You are viewing a plain text version of this content. The canonical link for it is here.
Posted to user@tika.apache.org by Matteo Alessandroni <sk...@apache.org> on 2018/02/05 09:30:01 UTC
Detect JSON / PDF specific mime type
I'm using Apache Tika to detect a file Mime Type from its base64 rapresentation.
Unfortunately I don't have other info about the file (e.g. extension).
Is there anything I can do to make Tika be more specific?
I'm currently using this:
Tika tika = new Tika();
tika.setMaxStringLength(-1);
String mimetype = tika.detect(Base64.decode(fileString));
and it gives me "text/plain" for JSON and PDF files, but I would like to obtain a more specific information: "application/json", "application/pdf" etc...
Can you help me with that?
Thanks.
Re: Detect JSON / PDF specific mime type
Posted by Matteo Alessandroni <sk...@apache.org>.
Hi,
thank you for you answer.
I'll check the issue with PDF files.
Best regards,
Matteo
On 2018/02/05 10:12:10, Nick Burch <ap...@gagravarr.org> wrote:
> On Mon, 5 Feb 2018, Matteo Alessandroni wrote:
> > I'm using Apache Tika to detect a file Mime Type from its base64
> > rapresentation. Unfortunately I don't have other info about the file
> > (e.g. extension).
> >
> > and it gives me "text/plain" for JSON and PDF files, but I would like to
> > obtain a more specific information: "application/json",
> > "application/pdf" etc...
>
> You can't detect JSON files from mime magic alone - json doesn't have
> anything unique at the start, just lots of possible different things which
> also occur in other formats too
>
> Tika can detect a PDF from the magic bytes at the start just fine. Make
> sure you're actually decoding the base64 representation properly
>
> Nick
>
Re: Detect JSON / PDF specific mime type
Posted by Nick Burch <ap...@gagravarr.org>.

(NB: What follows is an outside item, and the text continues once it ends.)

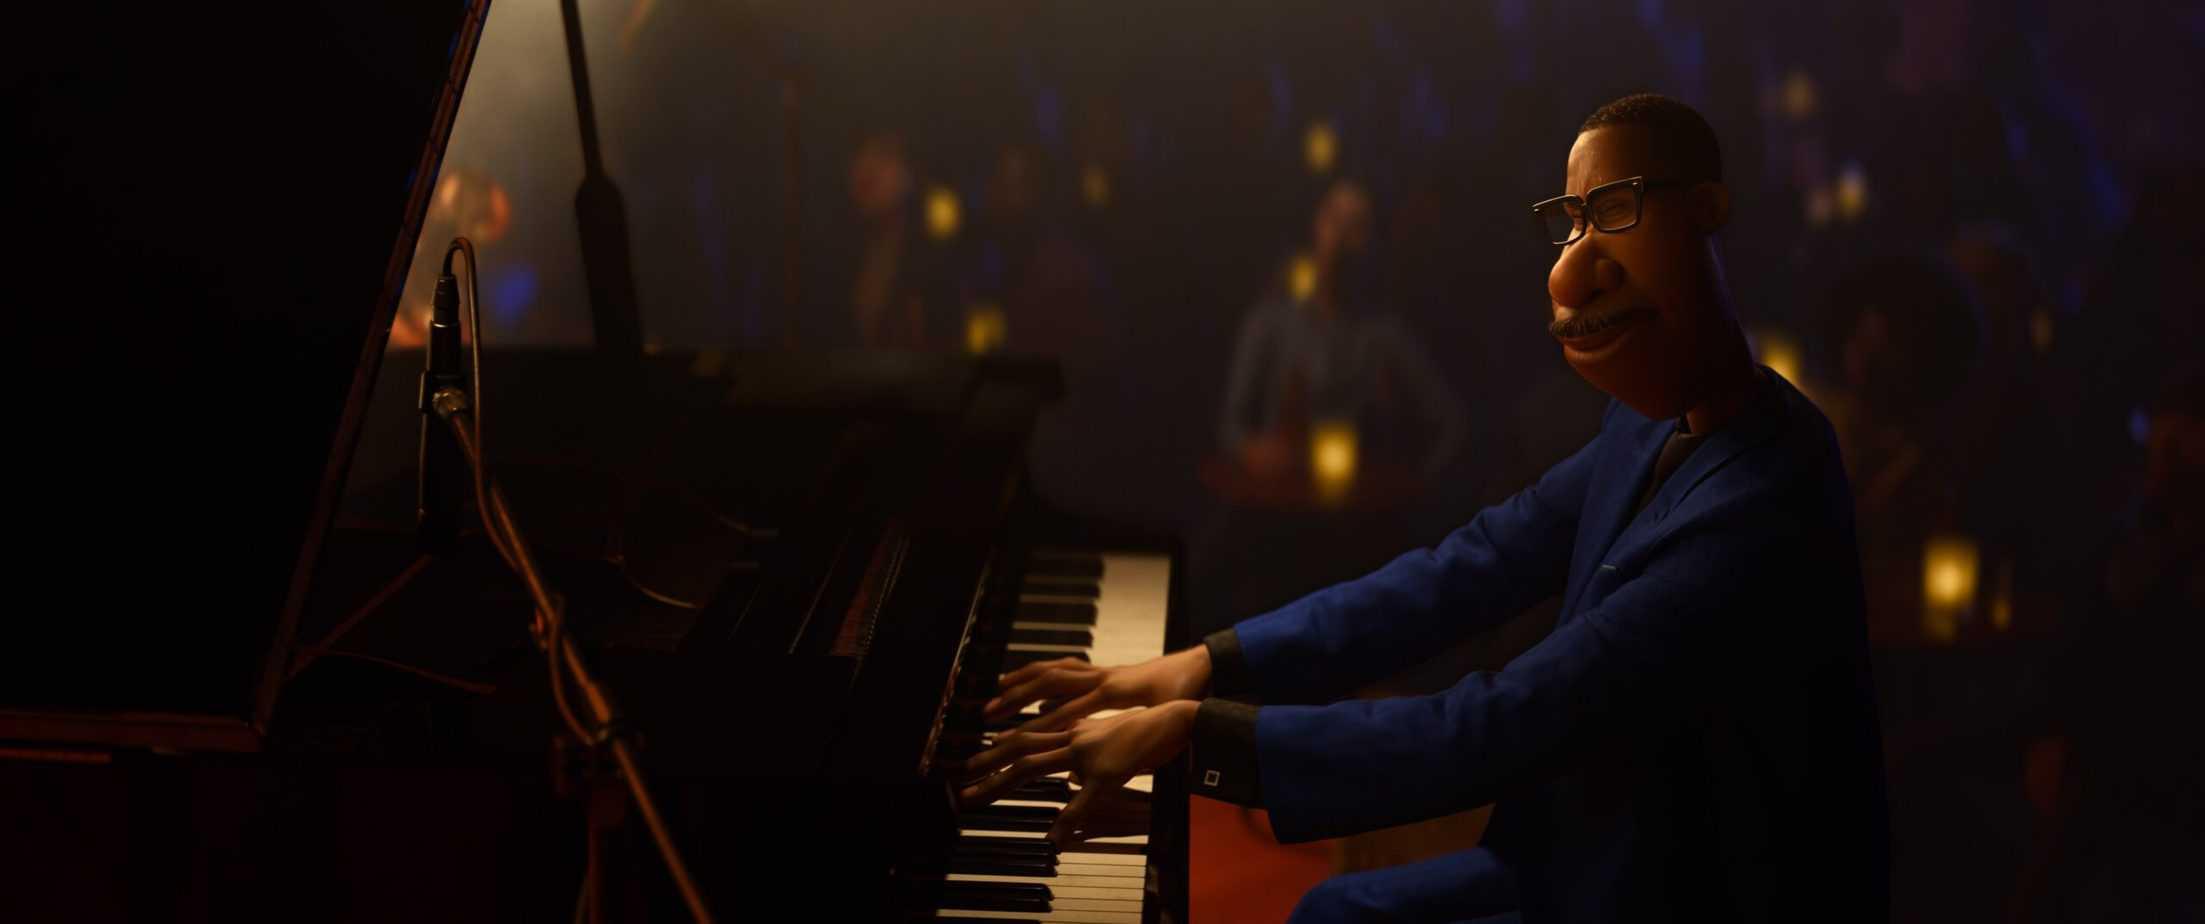 is soul safe for kids? joe gardner playing piano in Disney Pixar's Soul
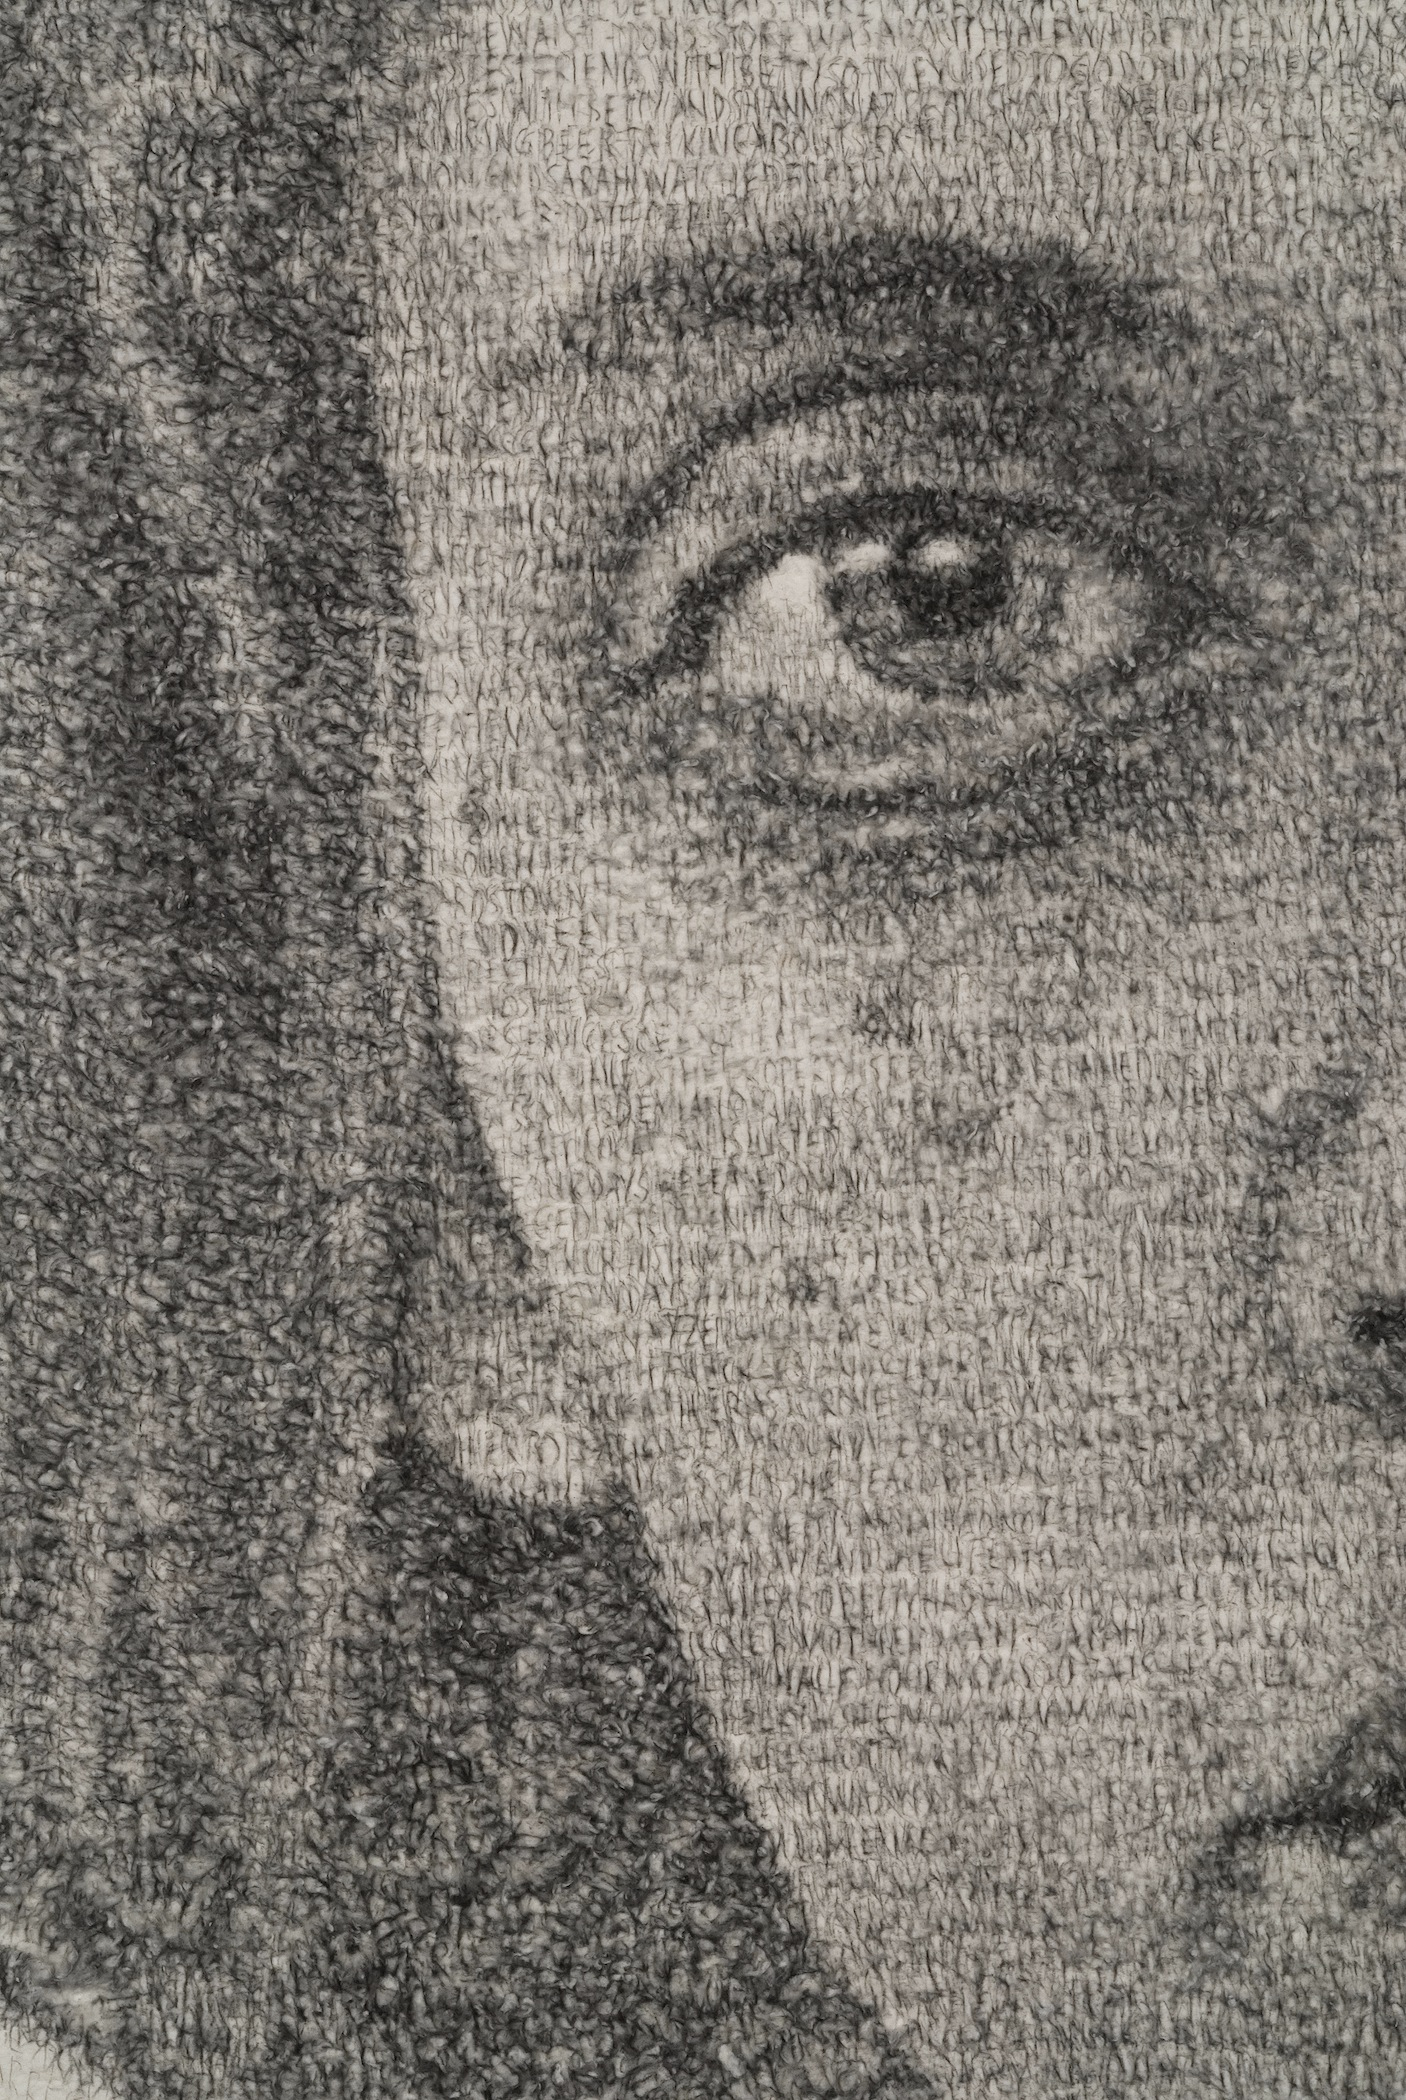 Ben Durham awarded Pollock-Krasner Foundation grant

On Mon, 5 Feb 2018, Matteo Alessandroni wrote:
> I'm using Apache Tika to detect a file Mime Type from its base64
> rapresentation. Unfortunately I don't have other info about the file
> (e.g. extension).
>
> and it gives me "text/plain" for JSON and PDF files, but I would like to
> obtain a more specific information: "application/json",
> "application/pdf" etc...
You can't detect JSON files from mime magic alone - json doesn't have
anything unique at the start, just lots of possible different things which
also occur in other formats too
Tika can detect a PDF from the magic bytes at the start just fine. Make
sure you're actually decoding the base64 representation properly
Nick